Robin Jones is also getting a bounce from others’ employment adversity. She has one Silicon Valley startup under her belt and is launching another in high-end cell phone accessories from Portland.
Robin Jones: We are actually seeing the effects of having the best people that are either getting laid off or are consultants that were always booked, that aren’t always booked now.
Not only will potential employees and consultants return phone calls these days, they’ll work for equity in addition to cash. And there are other advantages to starting up in recession. Rent is cheap. And people like web designers and graphic artists may offer their services at a discount. After all, they’re hurting for business too.
Over at the Small Business Development Center in Portland, advisor Jackie Babicky-Peterson is also seeing unemployment and entrepreneurship meet, but not necessarily in a good way.
Jackie Babicky-Peterson: What I’m seeing is a lot of people who have been laid off from companies, so they’re deciding this is a good time to launch a business, even though it may be very difficult.
Many of these people will rush into business for themselves without sufficient planning, Babicky-Peterson says. And with little or no savings, they’ll use personal credit cards to get going.
Babicky-Peterson: Just pure startup money is now, and almost always has been, pretty impossible. Credit cards are an easy way to go, and they will kill you.
All of which doesn’t leave her feeling very hopeful for many of today’s unemployment-induced entrepreneurs.
Babicky-Peterson: We have a big failure rate already as it is, and you know, I think we will have more failures.
But that’s not nearly so likely with seasoned entrepreneurs like Robin Jones. She and a business partner in Singapore have self-funded their company — called 88 Inc. — to the tune of $75,000. They’ve developed a line of jewelry that doubles as consumer electronics: think, Bluetooth earpiece in the shape of a fancy necklace.
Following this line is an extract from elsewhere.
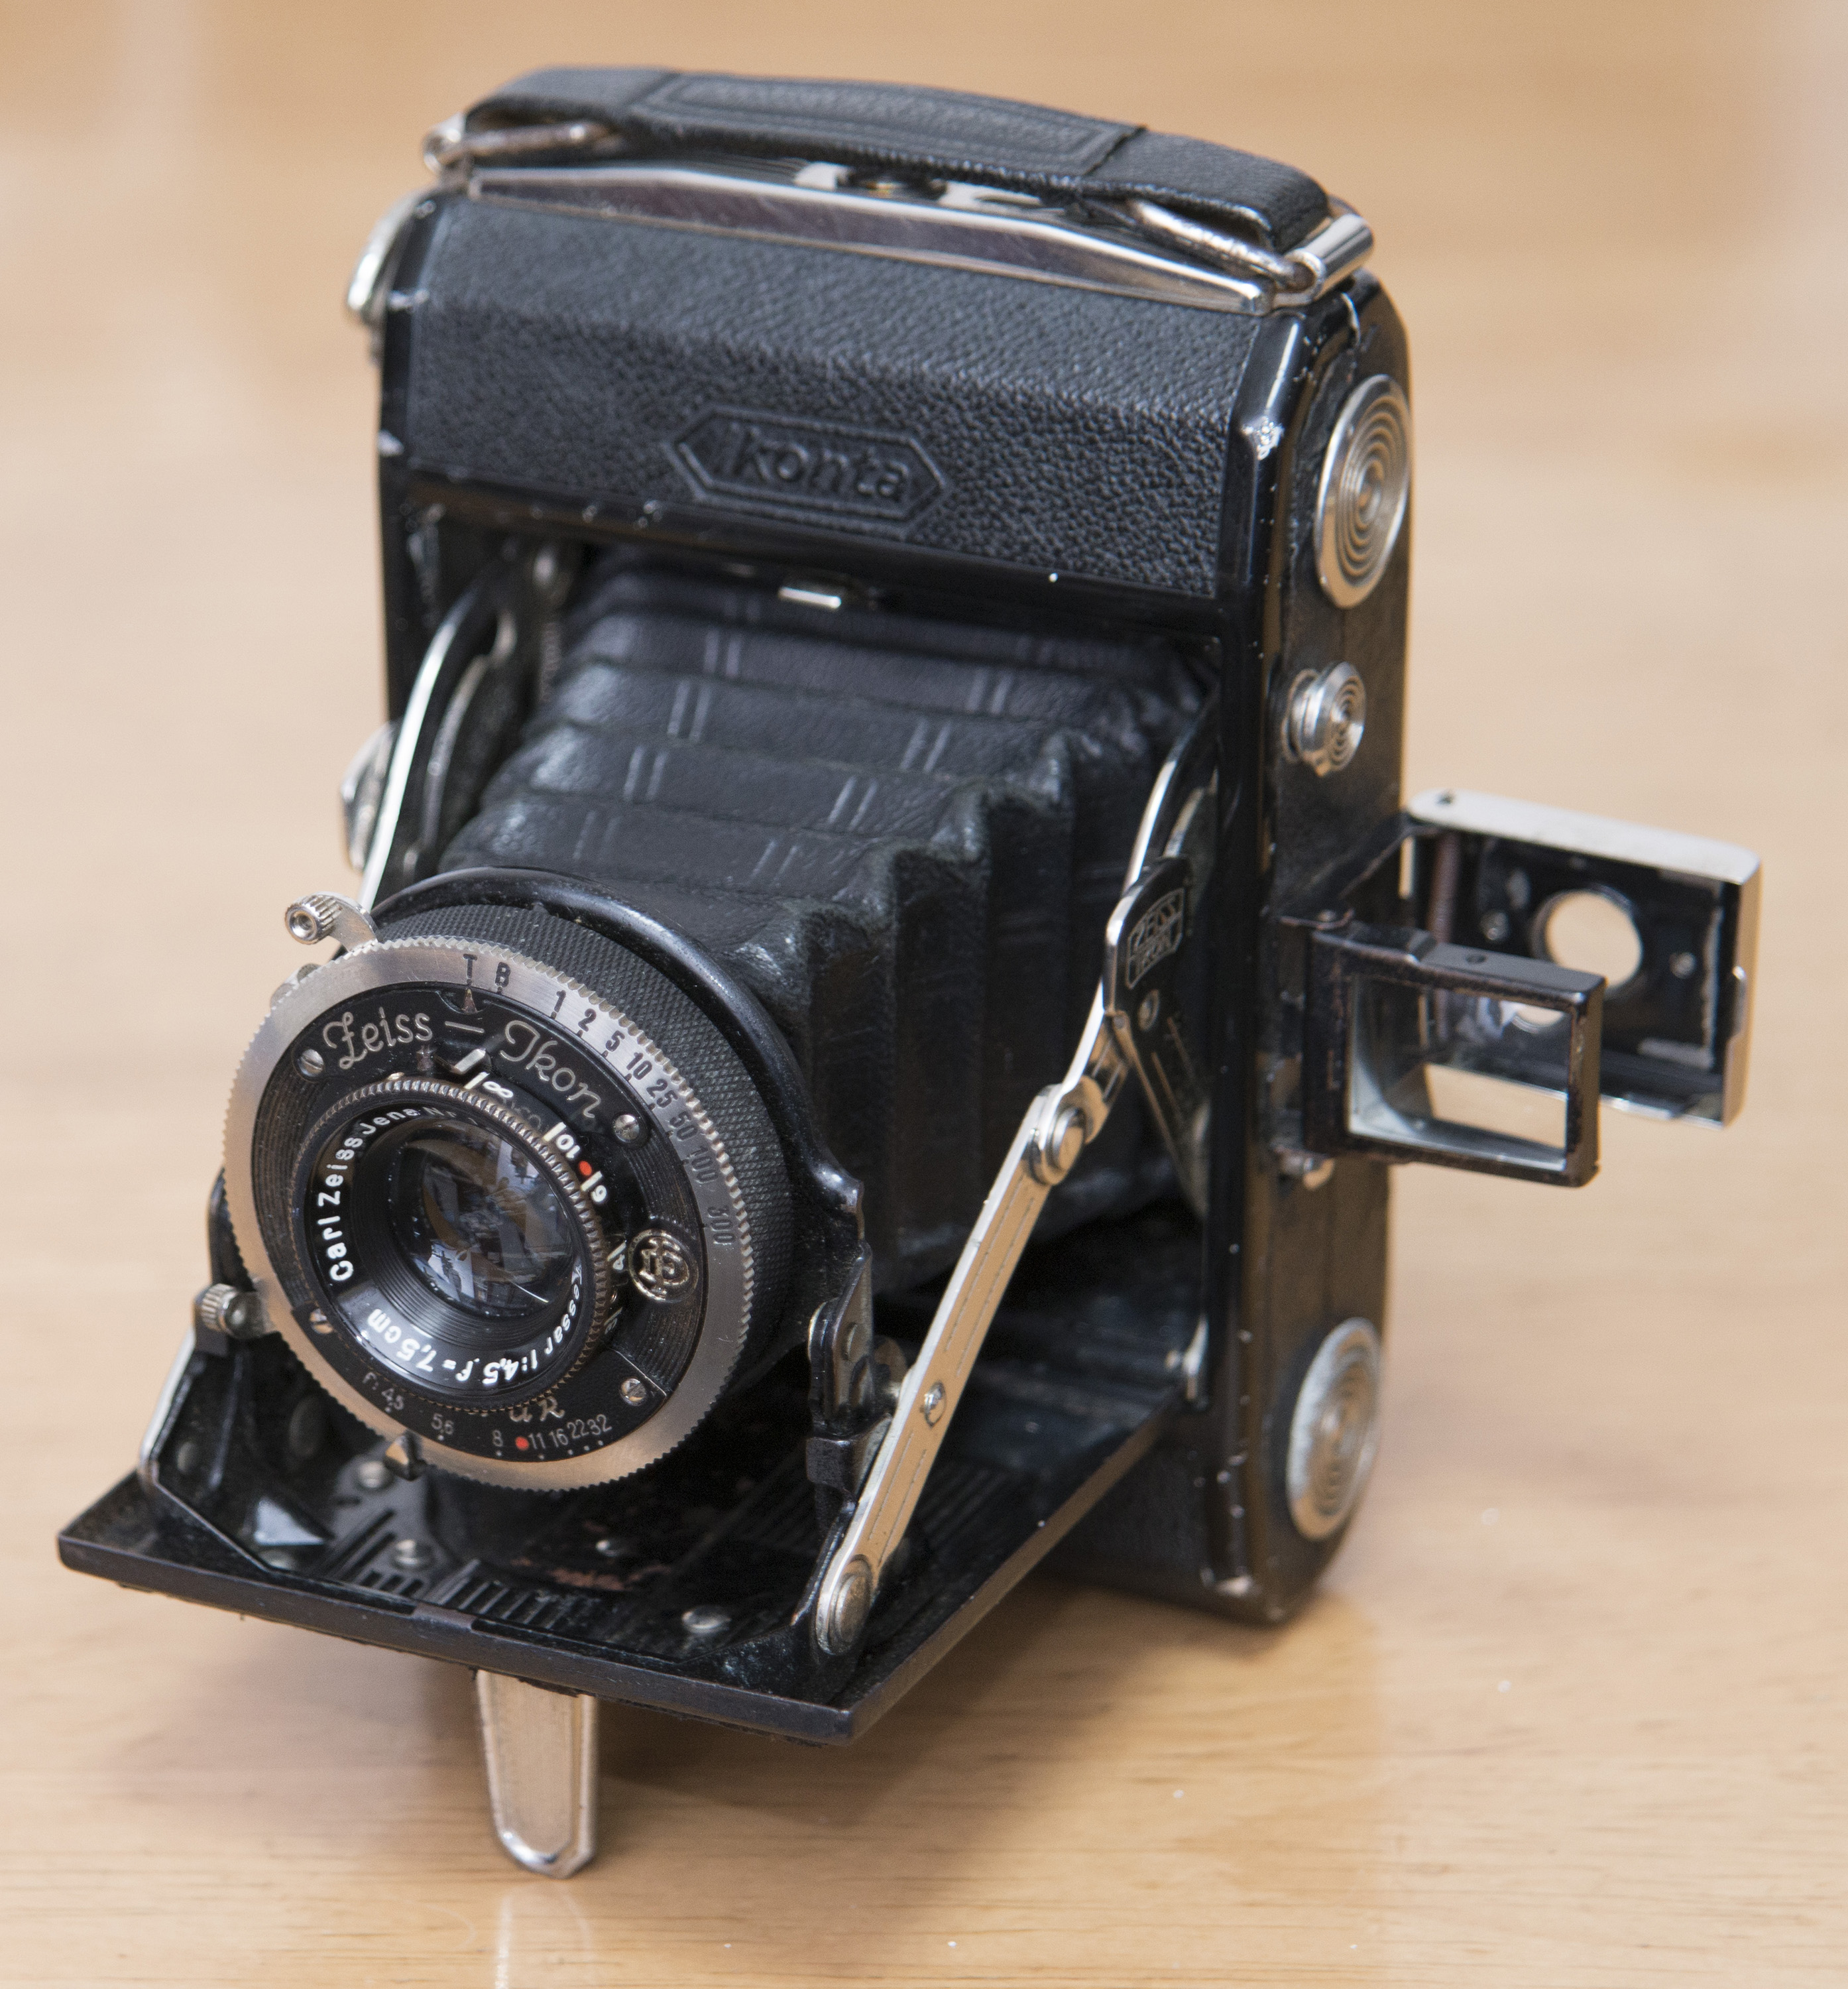 ドイツ光学工業全盛期のカメラ イコンタ

Now they need $350,000 in angel investment to get into stores like Neiman Marcus and Barneys New York by fall 2009. Jones’ pitch is ready-made for recession.
Jones: I think there are a set of investors that recognize that the best time to invest is when values are low.
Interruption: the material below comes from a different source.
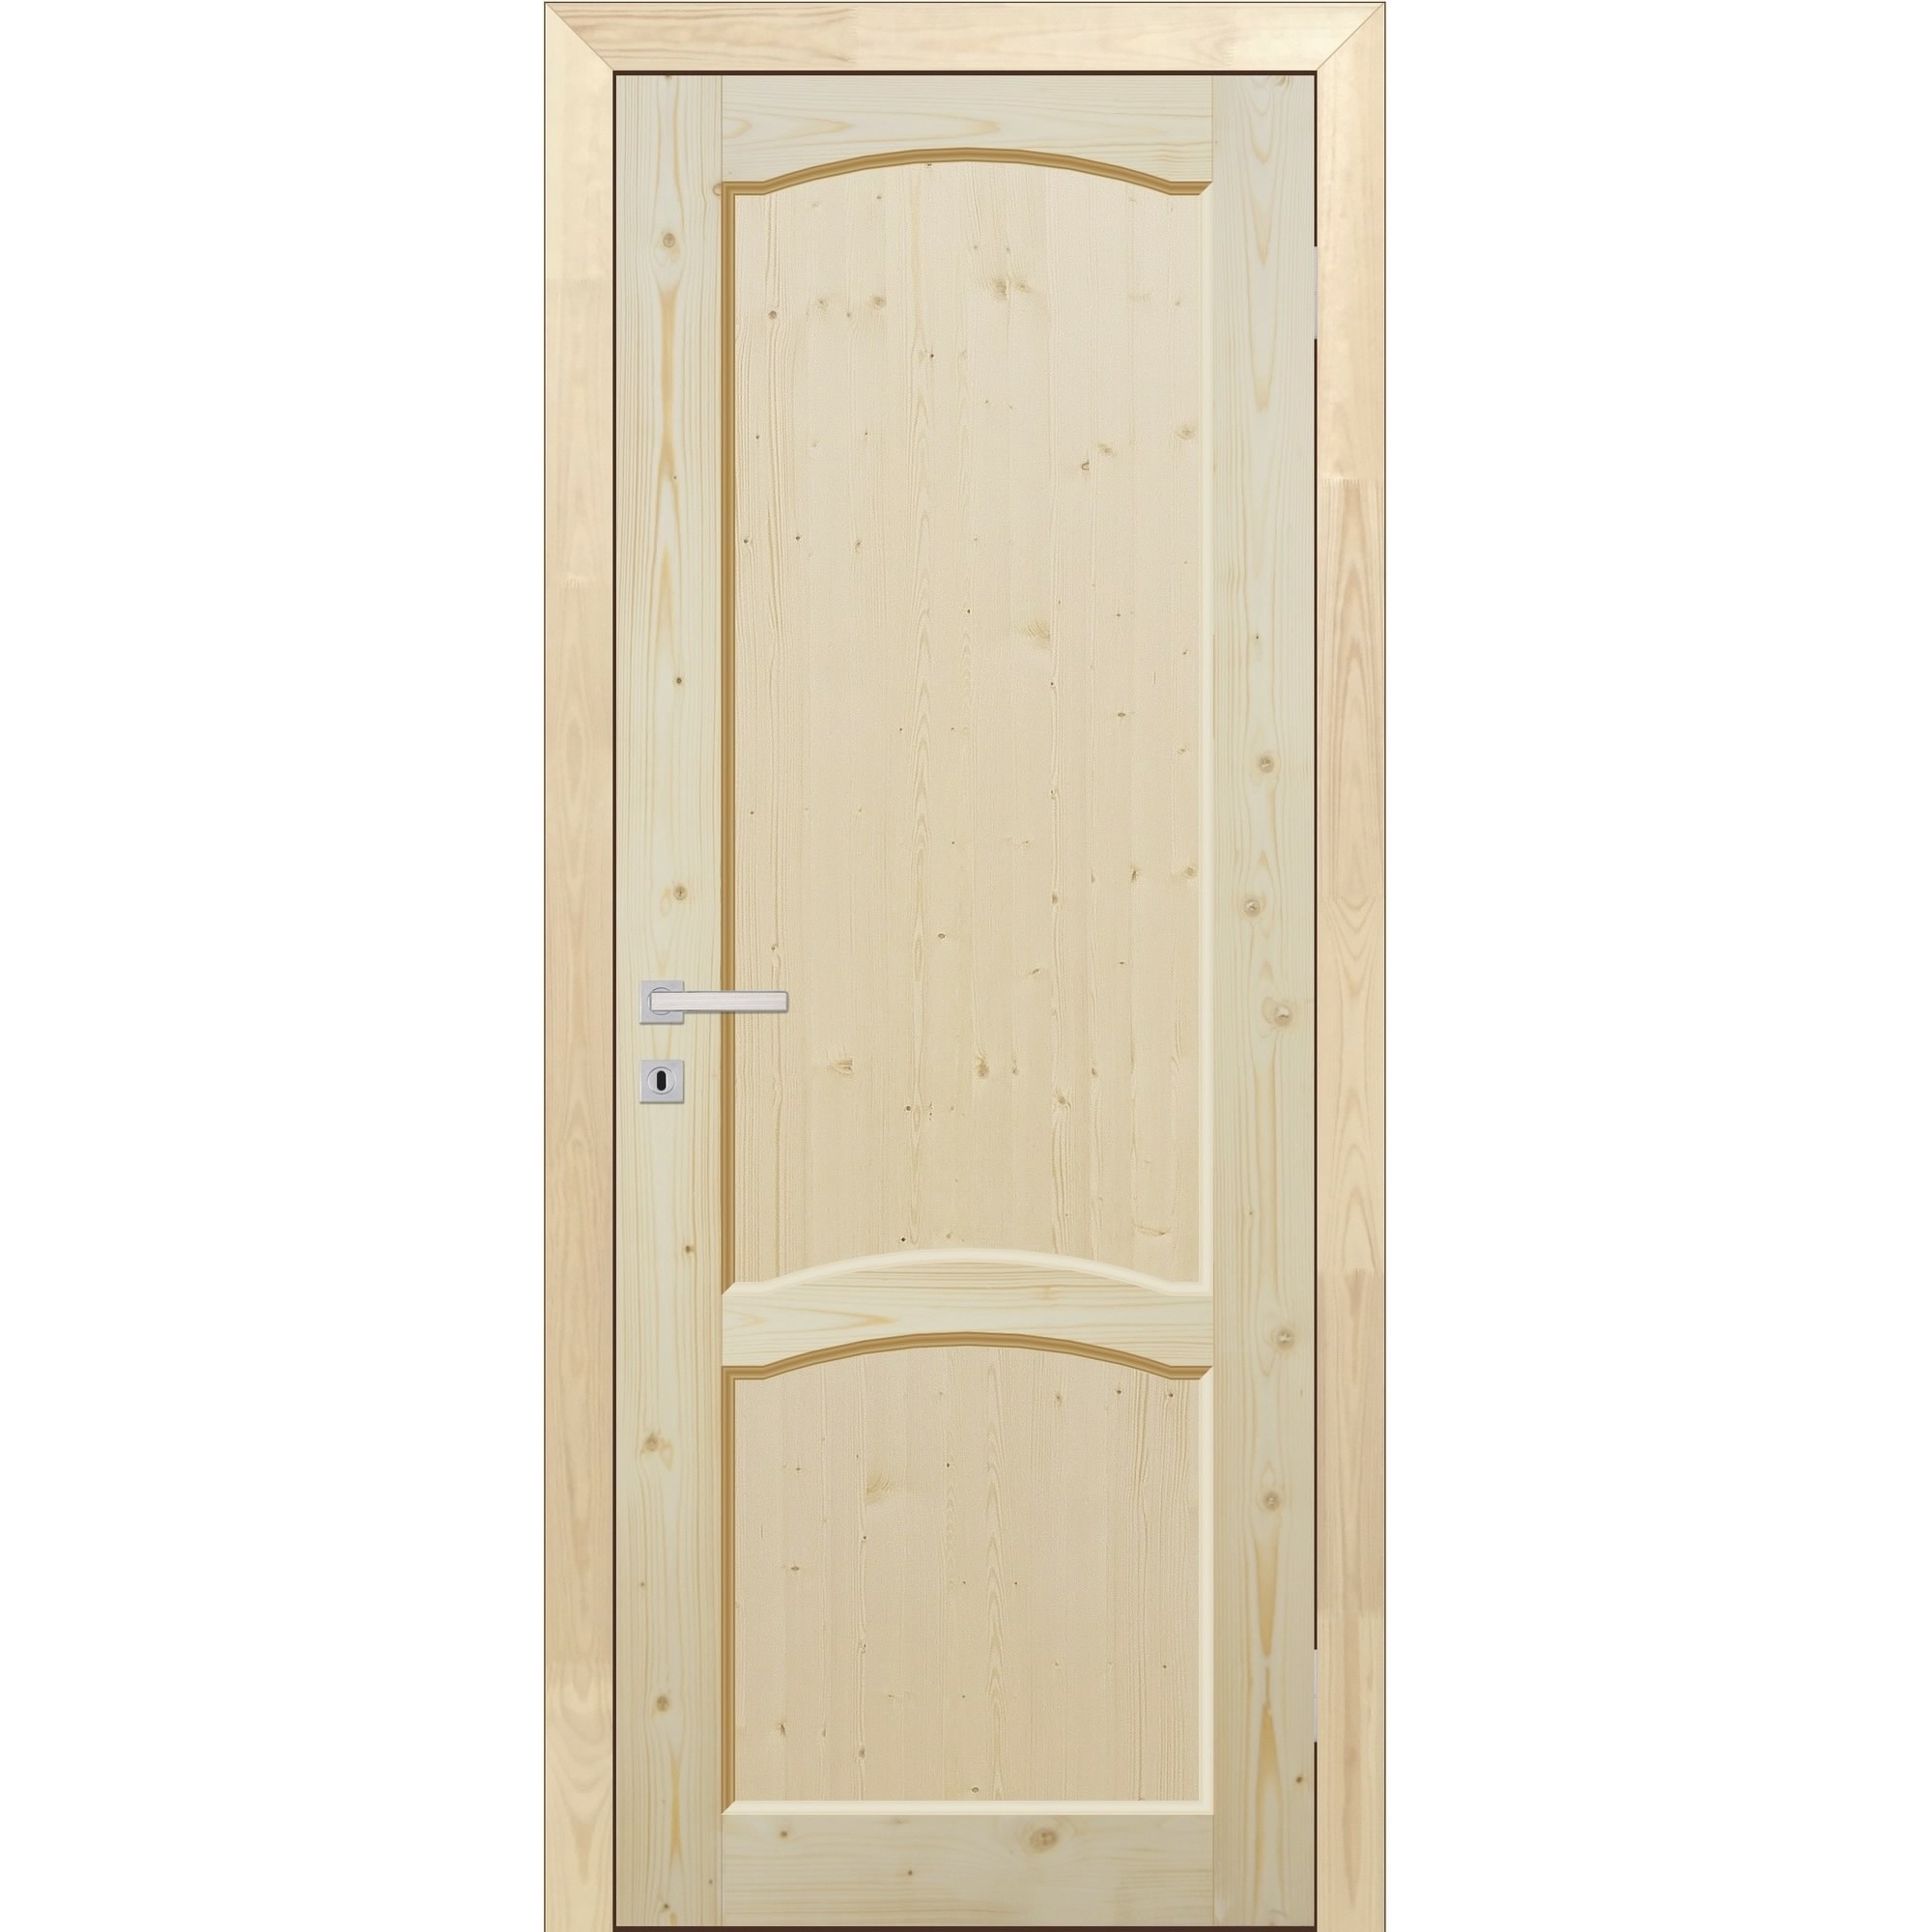 Установка двери в перегородку из гипсокартона: подробное описание работ

Meaning, investors can buy stakes in hungry startups on the cheap. People like Jones need the money, and investors who have lost big in stocks and real estate, need the bargains. Vivek Wadhwa points out that the Fortune 500 is full of companies that were founded during down times: from Johnson and Johnson, to Disney, Cisco and Intel.
But isn’t this a different kind of recession with bank lending seized up and widespread financial panic? That is the view of at least one leading small-business organization I talked to, which right now is not predicting a big surge in startups.
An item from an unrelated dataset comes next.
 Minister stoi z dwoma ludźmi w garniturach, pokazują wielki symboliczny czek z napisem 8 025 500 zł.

But Wadhwa says that’s the wrong conclusion to draw from current economic conditions.
Wadhwa: After every crash, it looks like the world is going to come to an end. We’ll be back on track in two or three years. By that time, you’ve gotten your business model working, you’ve gotten your products perfected, you know your customers, you know your market space. And now you can go to the angel investors and venture capitalists and pitch a real company to them.
Wadhwa says the challenge, as always, will be money. He says banks and investors are very tight with it now. So if you don’t have funding from your own nest egg or from friends and family, you can pretty much forget about going from zero to startup during this downturn.
I’m Mitchell Hartman for Marketplace.